Mögliche ergotherapeutische Ziele:
- Anbahnung von Bewegungen
- Erweiterung des aktiven Bewegungsausmaßes
- evtl. Umtrainieren auf Linkshändigkeit
- Versorgung mit Hilfsmitteln zu Selbständigkeit
- u.U. Thematisierung der Traurigkeit
- Angehörigenberatung
- Aktivierung und Hobbyfindung
- "was geht doch noch, oder anders?"
2. Frau Y. ist nach einem Klinikaufenthalt wieder zu Hause und hat wegen ihrer immer wiederkehrenden depressiven Episoden eine ergotherapeutische Behandlung verordnet bekommen. diese Therapie soll zunächst als Hausbesuch stattfinden. Frau Y. hat große Probleme mit dem Antrieb, der Motivation und der Entspannung. Ständig kreisen Gedanken und sie kann sich zu nichts "aufraffen". Früher war sie sehr gerne kreativ und habe gerne Sport gemacht.
mögliche Ergotherapeutische Ziele:
- Aufbau einer vertrauensvollen therapeutischen Beziehung
- Erreichen einer regelmäßigen Bereitschaft zur Ergotherapie als Hausbesuch
- u.U. eine regelmäßige Teilnahme an der Ergotherapie in der Praxis
- zunächst leichte Bewegungsübungen, die an ihrem ehemaligen Sport (Volleyball) angrenzen
- Aktivierung kreativer Bereiche über künstlerische Mittel (Malen, Ton,...)
- Tagesstrukturierung
- Entwicklung von Perspektiven
- Eigenwahrnehmung und Entspannungstechniken
- Wiedereingliederung in den sozialen Alltag
3. E. ist 6,5 Jahre alt und ein sehr aufgewecktes, fröhliches Kind. Am liebsten klettert er auf Bäume, Zäune, Garagen. Er rast mit seinem Fahrrad und spielt fast ausschließlich draussen. Schwindelig wird ihm nie, blaue Flecken hat er ständig. Ein großartiges Kind!
Schwierigkeiten machen ihm das Stillsitzen in der Schule, die Aufmerksamkeit auf den Unterricht und nicht auf die Amsel vor dem Fenster zu lenken. Laufend muss die Lehrerin ihn ermahnen, da er fortwährend mit dem Stuhl kippelt, sich verdreht und zum großen Spass aller vom Stuhl fällt.
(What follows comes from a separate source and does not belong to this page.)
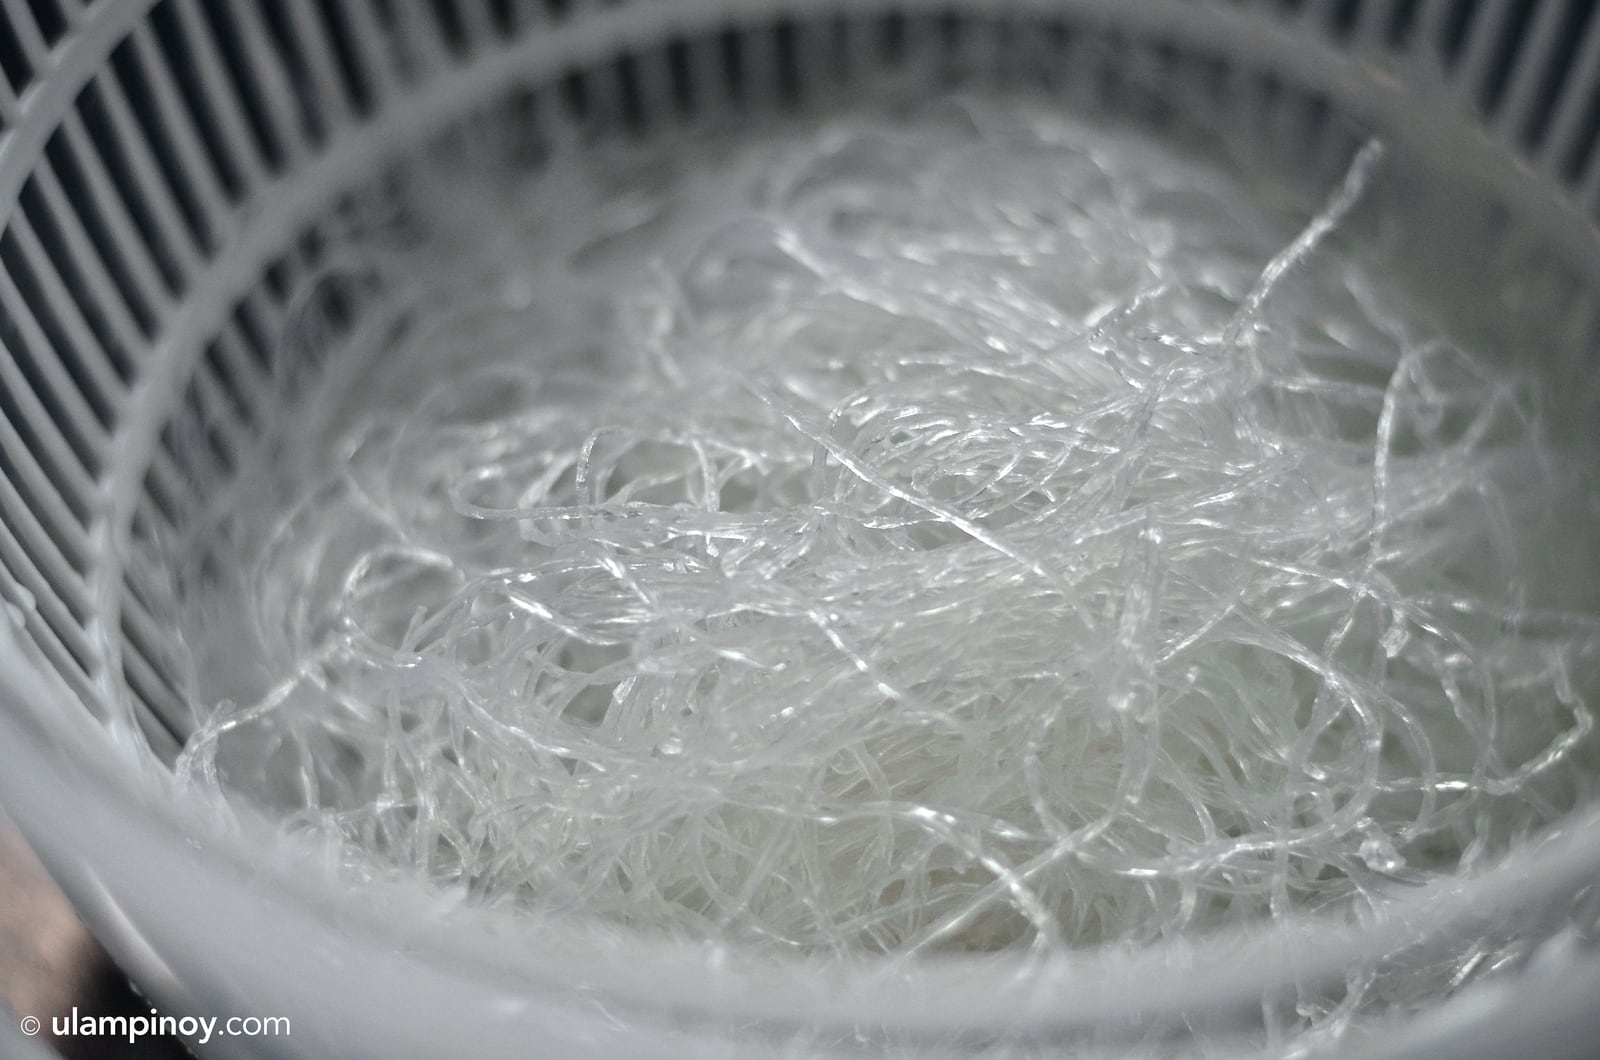 Also known as glass noodles

mögliche ergotherapeutische Ziele:
- Wahrnehmungsförderung des Gleichgewichtsorganes / Vestibulum
- Erweiterung der konzentrativen Fähigkeiten
- Ausbildung der Fokussierung
- Verbesserung der eigenen Körperwahrnehmung
- Entswicklung von Ruhephasen und Anspannungsphasen
- Stützen des Selbstwertgefühles
- Schaffung von Erfolgserlebnissen
- Elternarbeit
Gerade Kinder werden nicht behandelt, weil sie sich womöglich so verhalten, wie es uns als Eltern nicht passt. Behandelt werden Kinder dann, wenn die Entwicklung des Kindes gefährdet ist, es nicht die schulischen Leistungen bringen kann, die eigentlich in seinem Poetential liegen und wenn es selbst darunter leidet.
Intensive vertrauensvolle Zusammenarbeit mit den Eltern ist hier ebenfalls wichtig.